■ Data shown ■
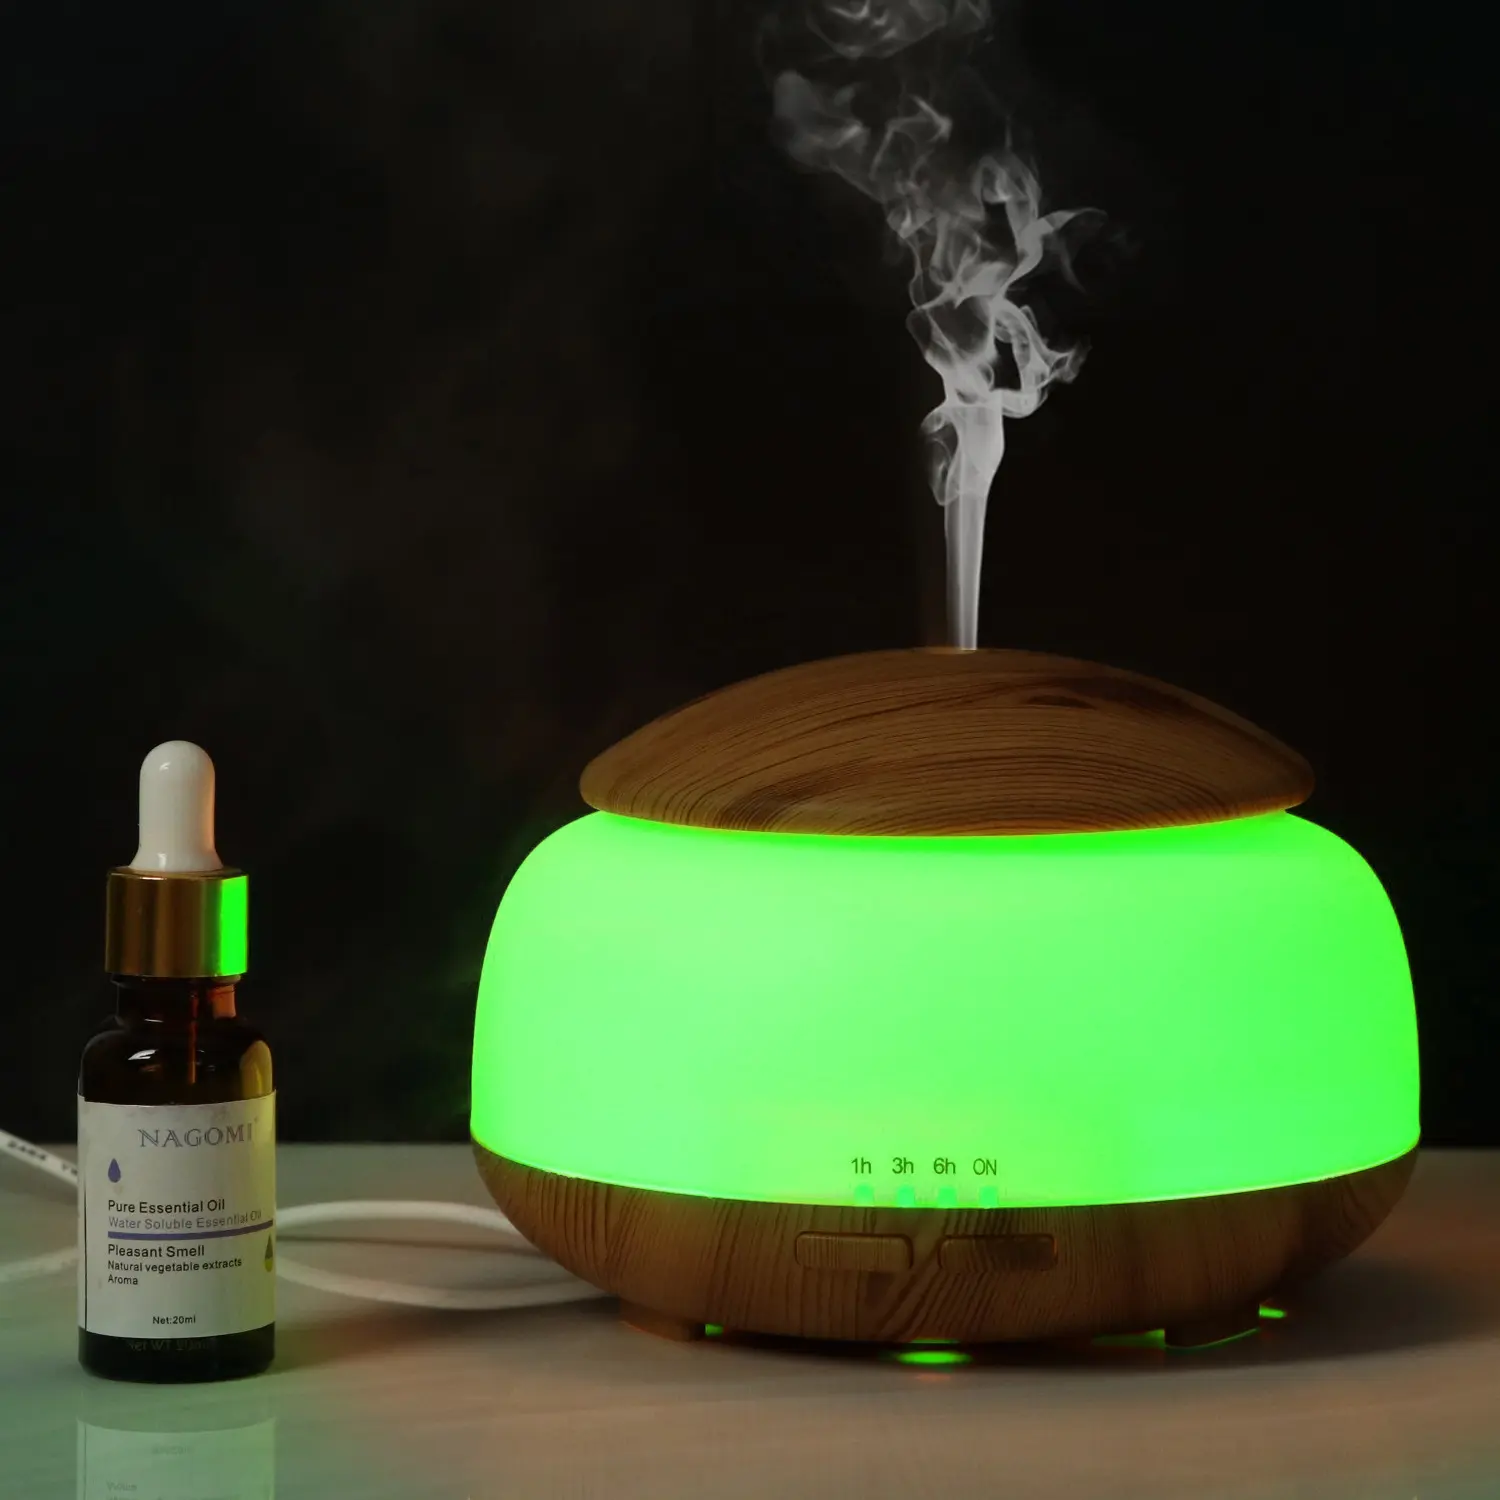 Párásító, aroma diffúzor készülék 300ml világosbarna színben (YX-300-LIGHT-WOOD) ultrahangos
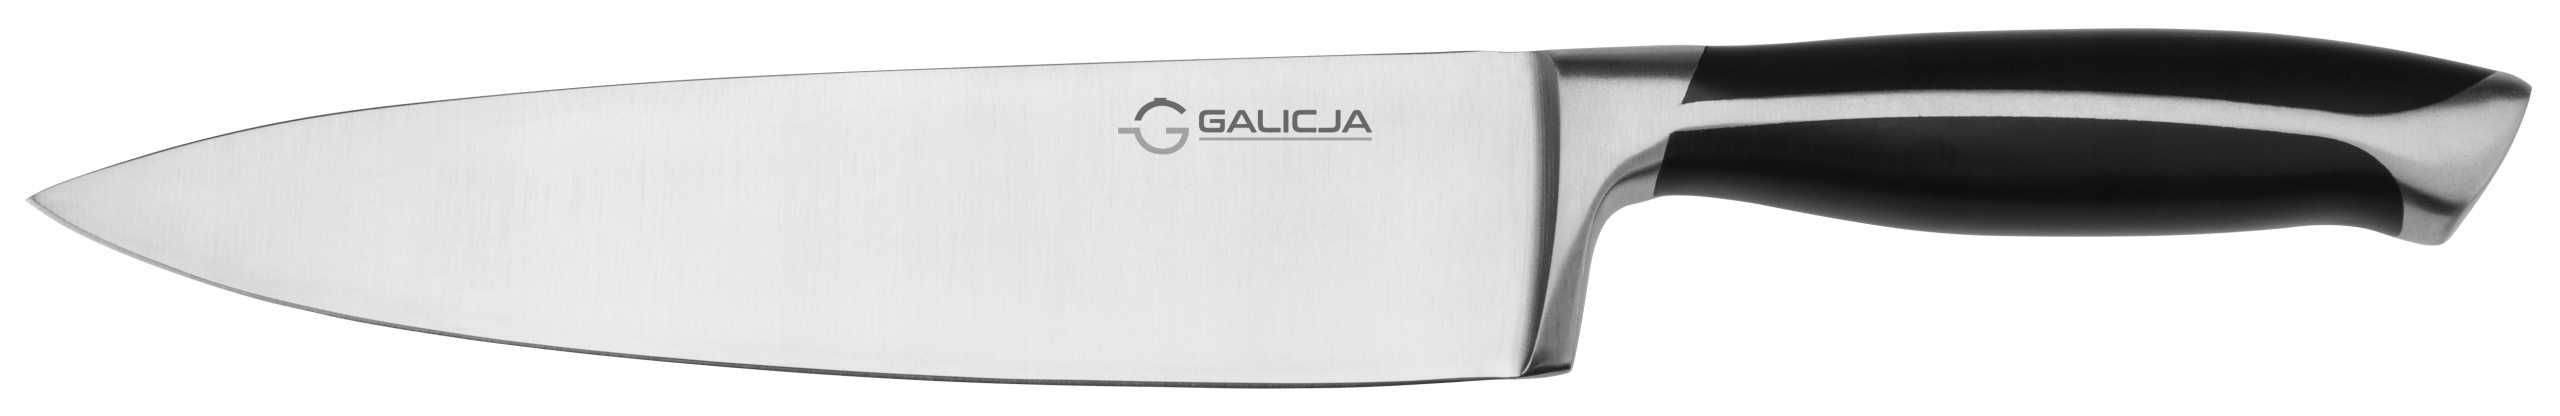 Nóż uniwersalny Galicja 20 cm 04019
---
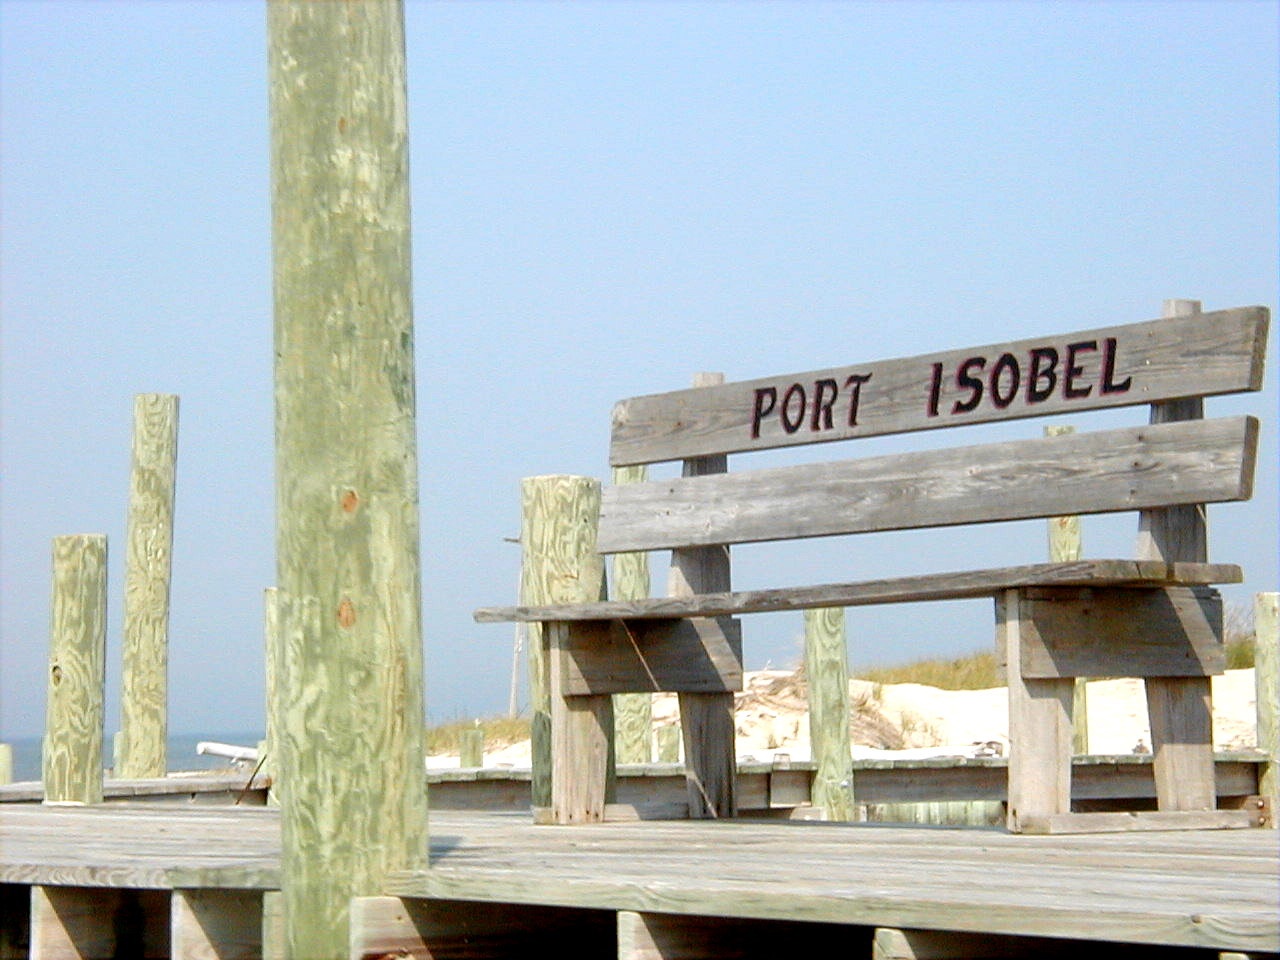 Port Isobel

■ Your objective ■
Your reply should hold nothing but the lines above, from the one containing "Párásító, aroma diffúzor" to the one containing "Nóż uniwersalny Galicja 20 cm 04019", reproduced exactly minus the pictures.

■ Expected output ■
 Párásító, aroma diffúzor készülék 300ml világosbarna színben (YX-300-LIGHT-WOOD) ultrahangos
 Nóż uniwersalny Galicja 20 cm 04019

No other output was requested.